The role of intonation and voice quality in the affective speech perception
Ioulia Grichkovtsova, CRISCO, University of Caen, France
Anne Lacheret, MoDyCO, University of Paris X, Nanterre, France
Michel Morel, CRISCO, University of Caen, France
The perception value of intonation and voice quality is investigated for six affective states: anger, sadness, happiness, obviousness, doubt and irony. The main research question is whether the role of intonation and voice quality is equally important in the perception of studied affective states or whether one of them may be privileged. Six affective states were tested on utterances with natural lexical meaning. The transplantation paradigm was used in designing audio stimuli. Perception results show that each studied affective state has its own usage of prosody and voice quality. Some differences were found in the identification of emotions and attitudes. New questions risen from the present study and further directions of work are presented.

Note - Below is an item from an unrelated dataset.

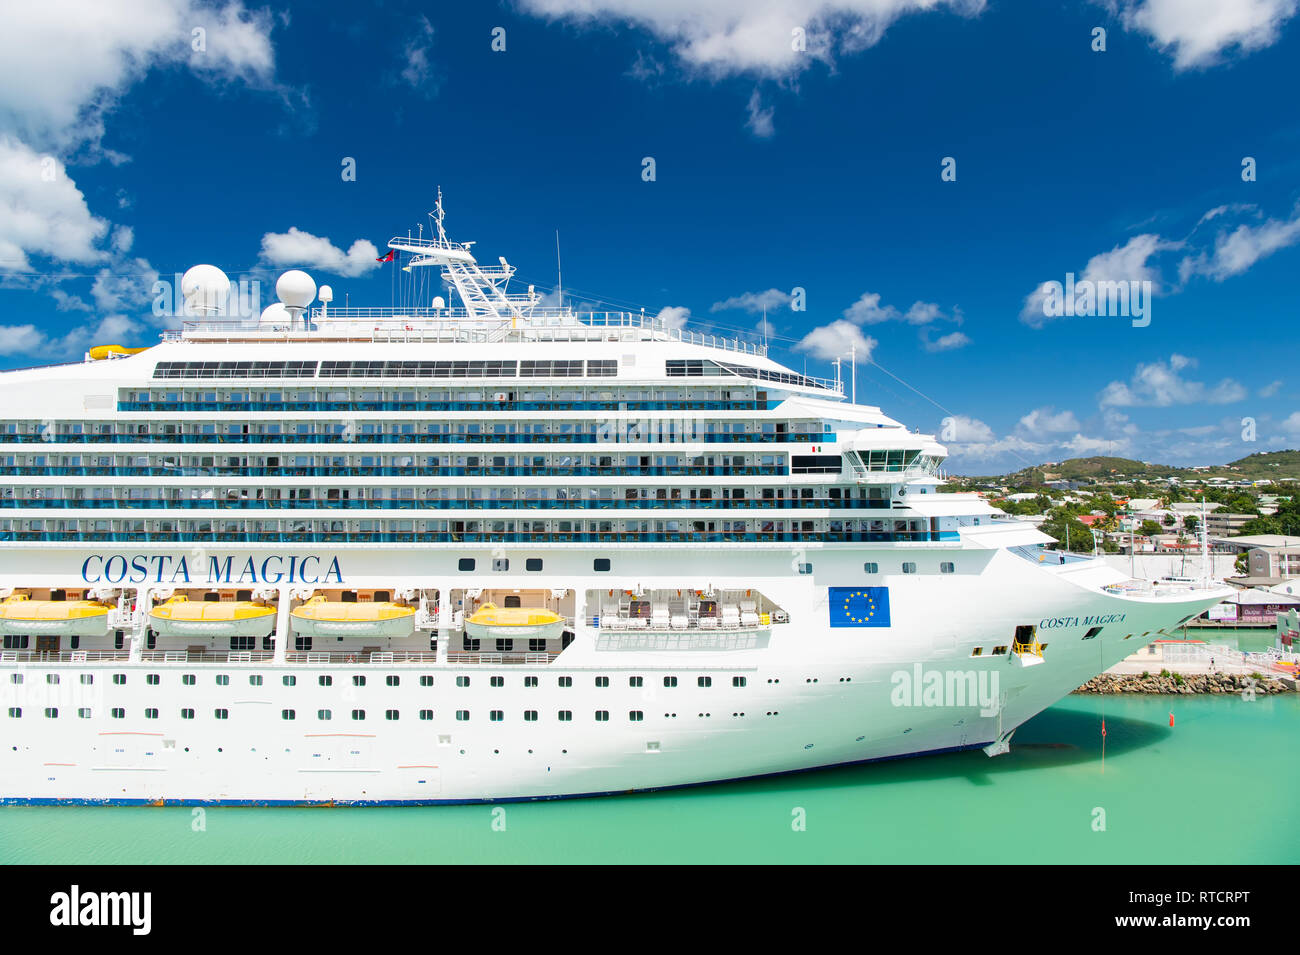 St Johns, Antigua - Marzo 05, 2016: nave da crociera Costa Magica ormeggiata nel porto di mare. Viaggi, vacanze e wanderlust di lusso. Foto Stock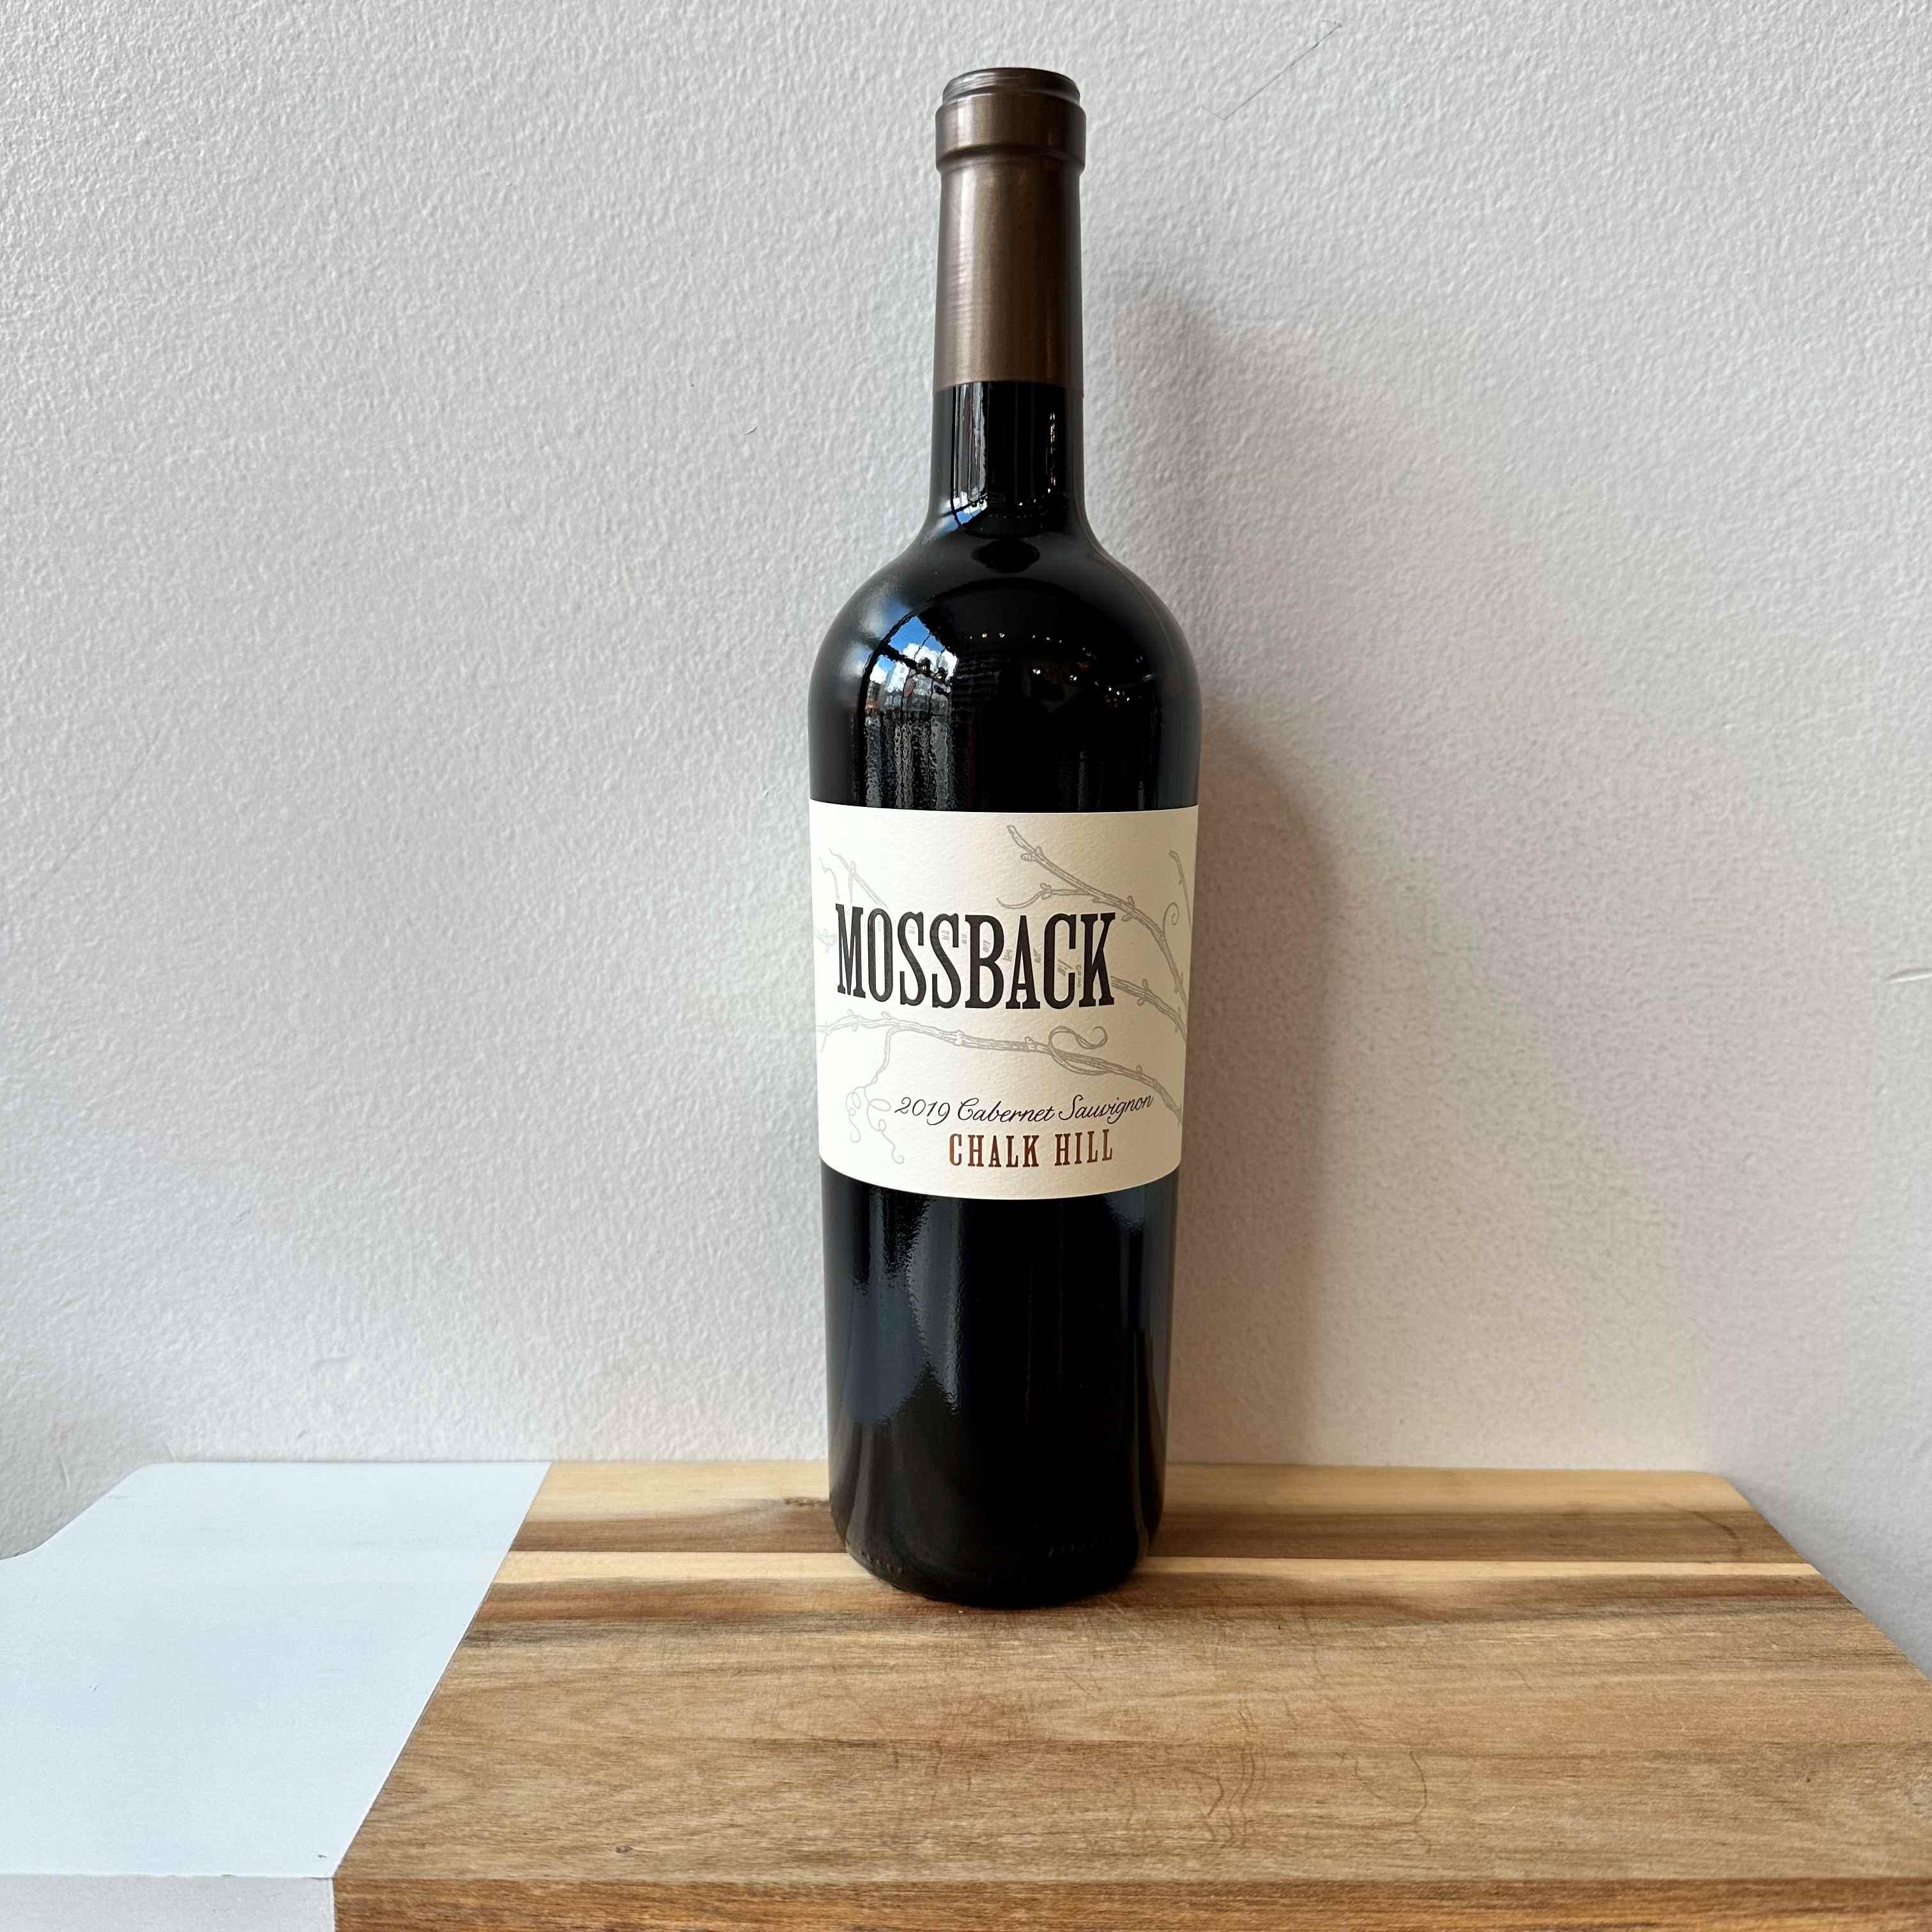 Matchbook Wine "Mossback" Cabernet Sauvignon 2019 Chalk Hill

Combining Frame and Turn-Level Information for Robust Recognition of Emotions within Speech
Bogdan Vlasenko, Cognitive Systems, IESK, Otto-von-Guericke University, Magdeburg, Germany
Björn Schuller, Institute for Human-Machine Communication, Technische Universität München, Germany
Andreas Wendemuth, Cognitive Systems, IESK, Otto-von-Guericke University, Magdeburg, Germany
Gerhard Rigoll, Institute for Human-Machine Communication, Technische Universität München, Germany
Current approaches to the recognition of emotion within speech usually use statistic feature information obtained by application of functionals on turn- or chunk levels. Yet, it is well known that thereby important information on temporal sub-layers as the frame-level is lost. We therefore investigate the benefits of integration of such information within turn-level feature space. For frame-level analysis we use GMM for classification and 39 MFCC and energy features with CMS. In a subsequent step output scores are fed forward into a 1.4k large-feature-space turn-level SVM emotion recognition engine. Thereby we use a variety of Low-Level-Descriptors and functionals to cover prosodic, speech quality, and articulatory aspects. Extensive test-runs are carried out on the public databases EMO-DB and SUSAS. Speaker-independent analysis is faced by speaker normalization. Overall results highly emphasize the benefits of feature integration on diverse time scales.